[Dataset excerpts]
== Segment start ==

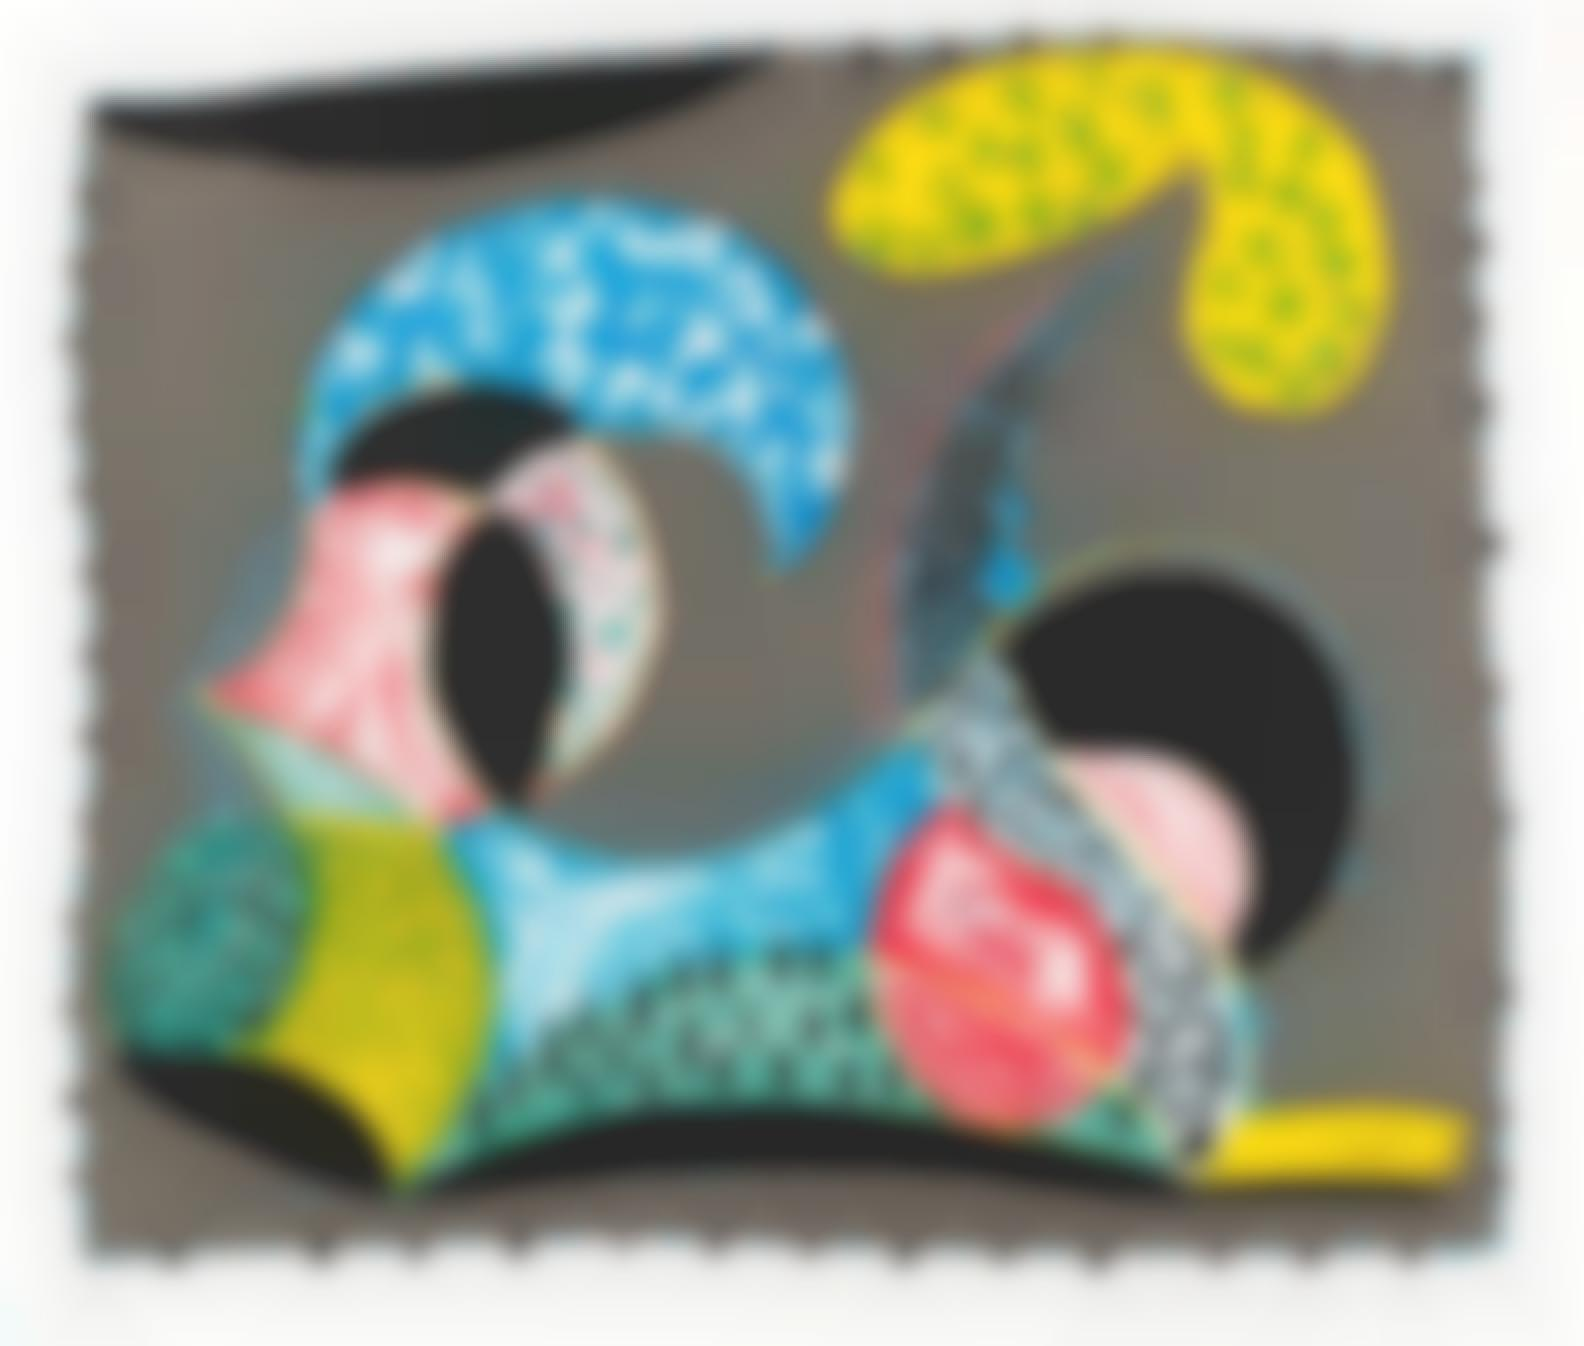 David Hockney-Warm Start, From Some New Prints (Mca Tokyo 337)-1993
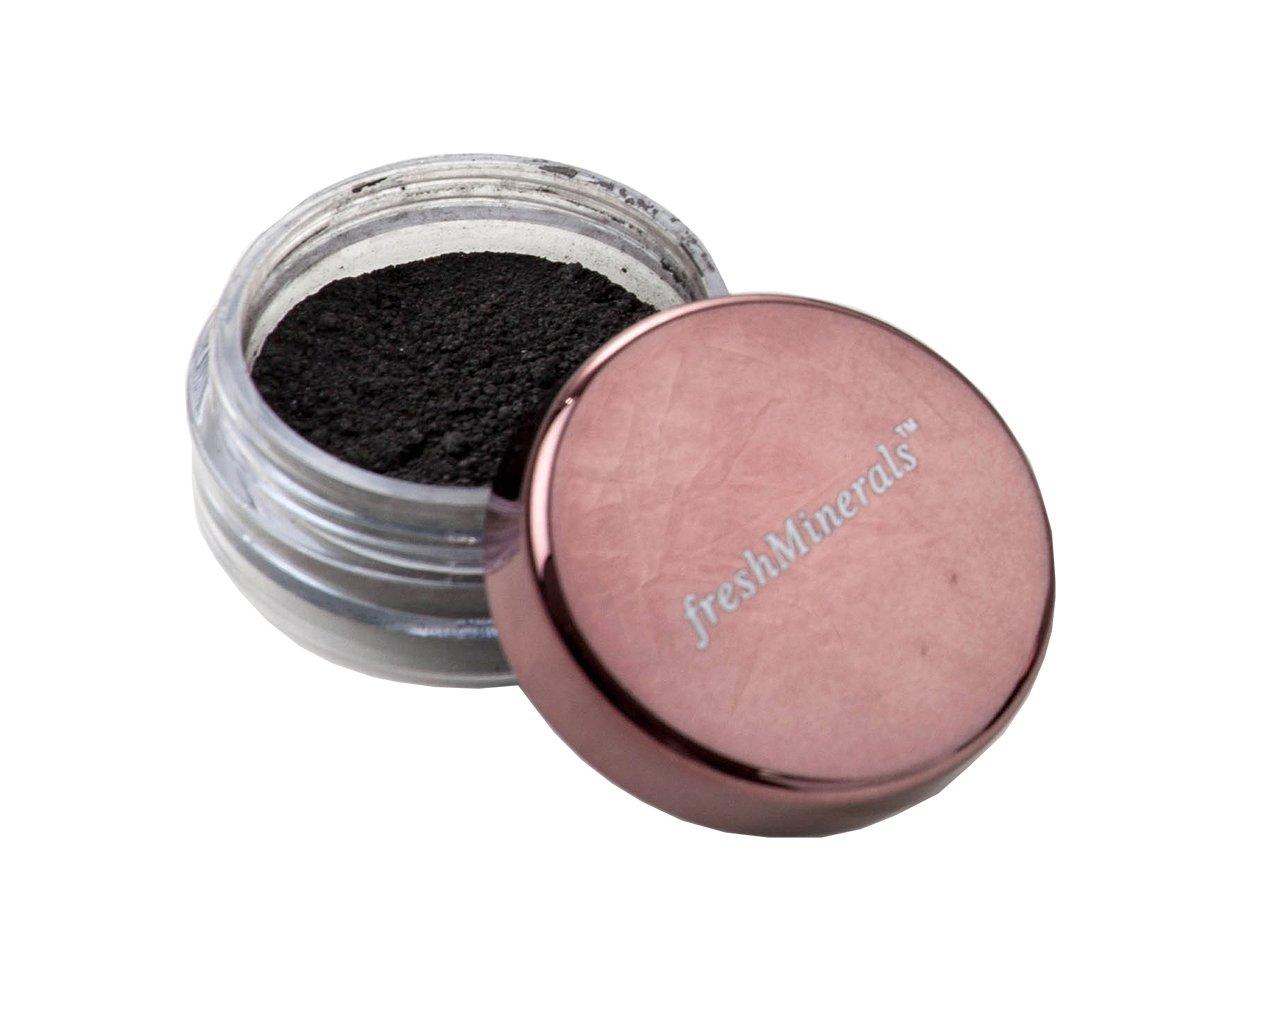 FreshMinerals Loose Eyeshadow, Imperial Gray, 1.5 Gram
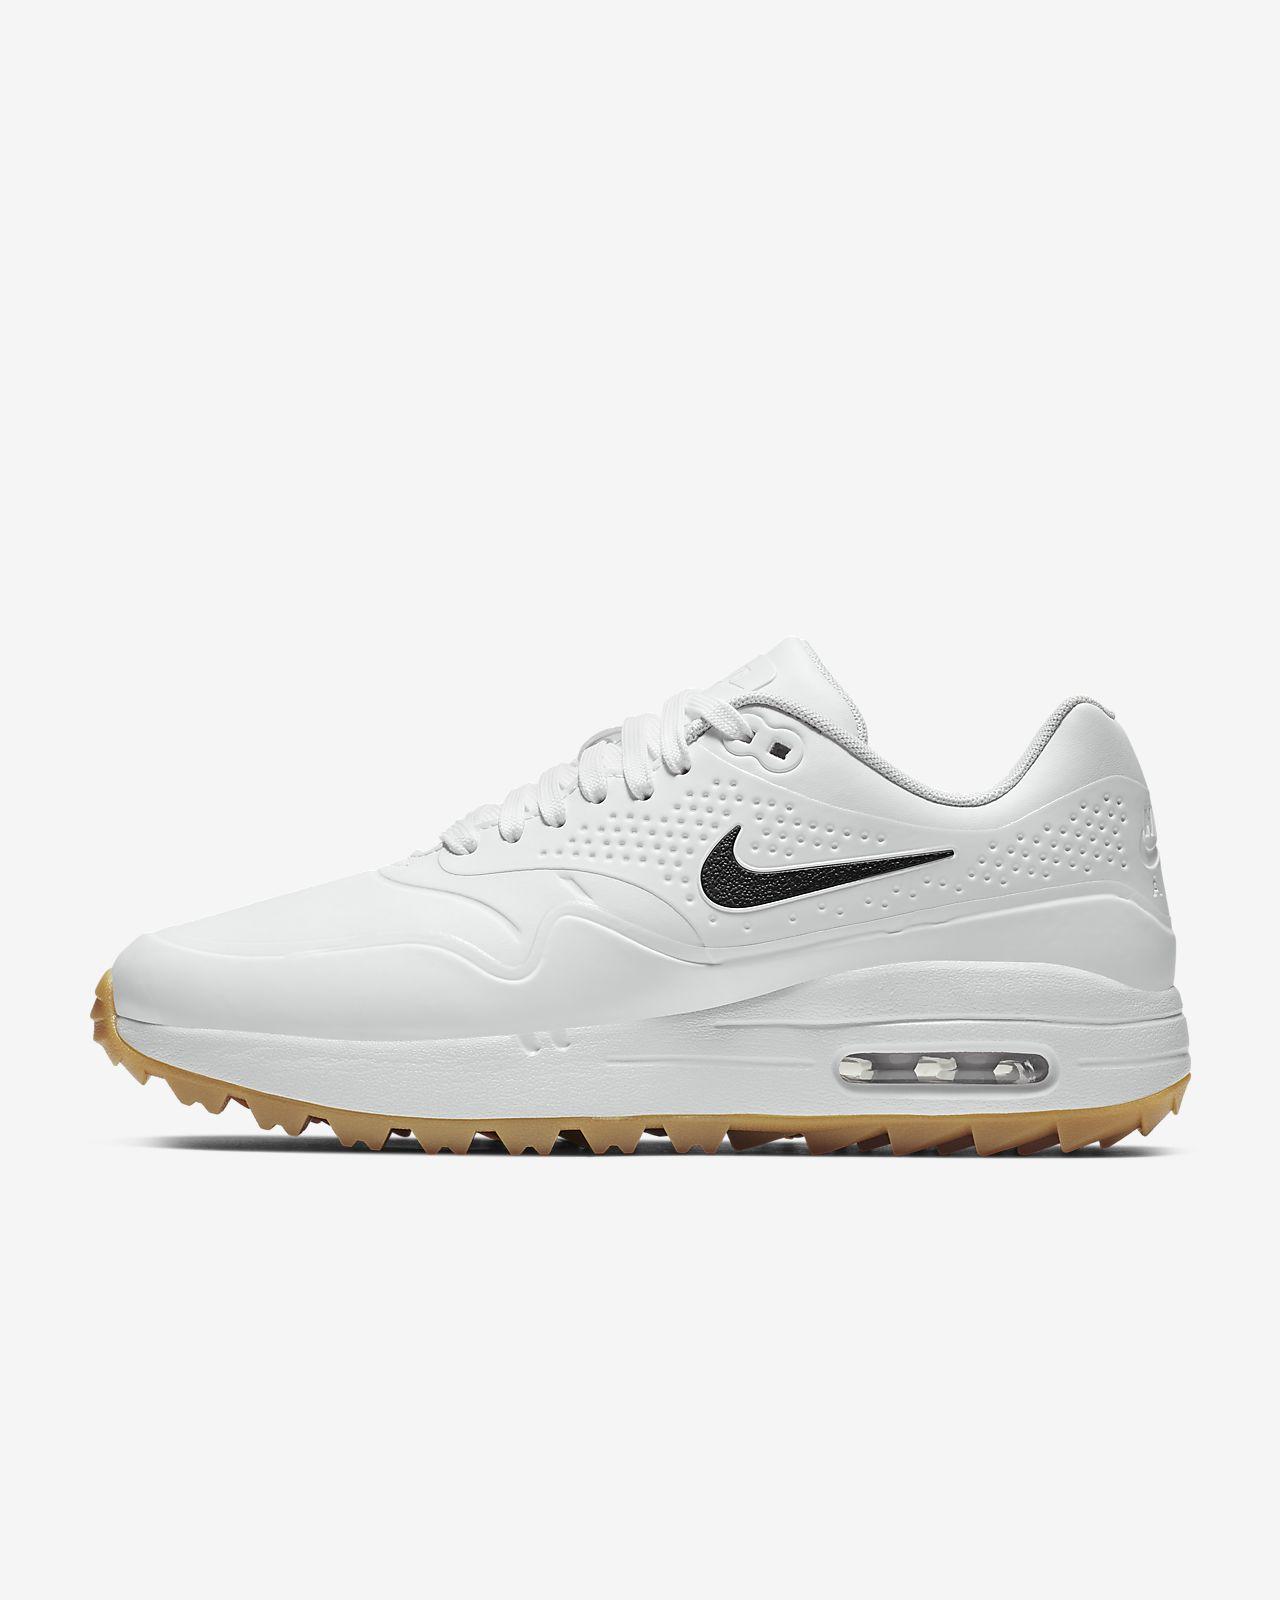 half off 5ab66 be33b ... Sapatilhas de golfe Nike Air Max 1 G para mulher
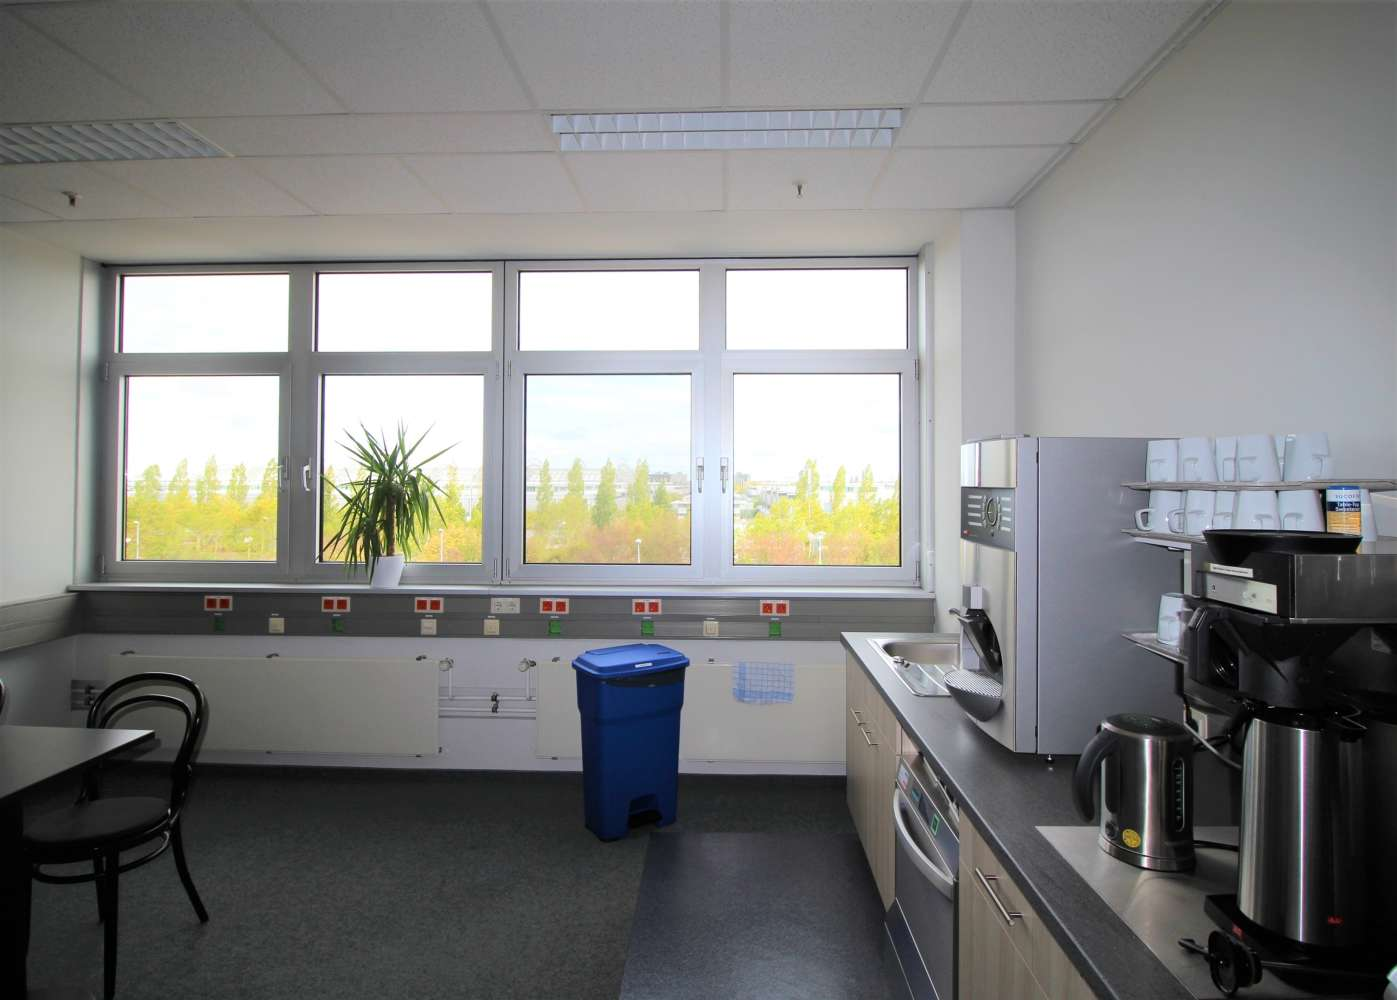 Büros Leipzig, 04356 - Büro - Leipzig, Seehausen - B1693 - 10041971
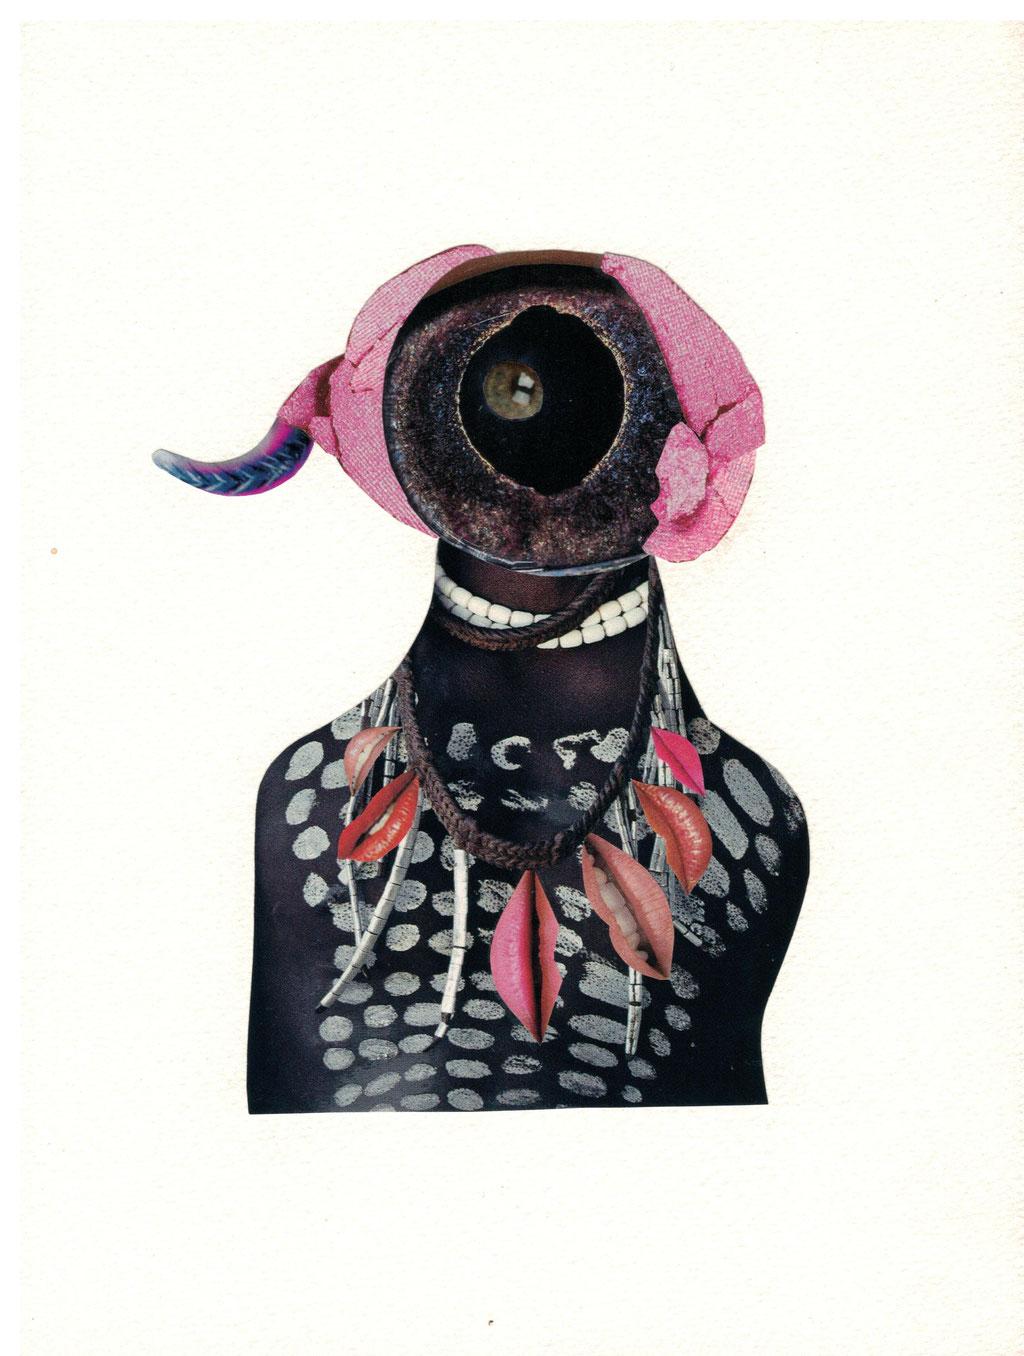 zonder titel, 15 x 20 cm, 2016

== Segment end ==

WHAT IS EXPECTED: Your output should consist solely of the lines from the line containing "half off 5ab66" through the end of the data above, copied exactly, with images removed.

REPLY TO THE EXERCISE:
 half off 5ab66 be33b ... Sapatilhas de golfe Nike Air Max 1 G para mulher
 Büros Leipzig, 04356 - Büro - Leipzig, Seehausen - B1693 - 10041971
 zonder titel, 15 x 20 cm, 2016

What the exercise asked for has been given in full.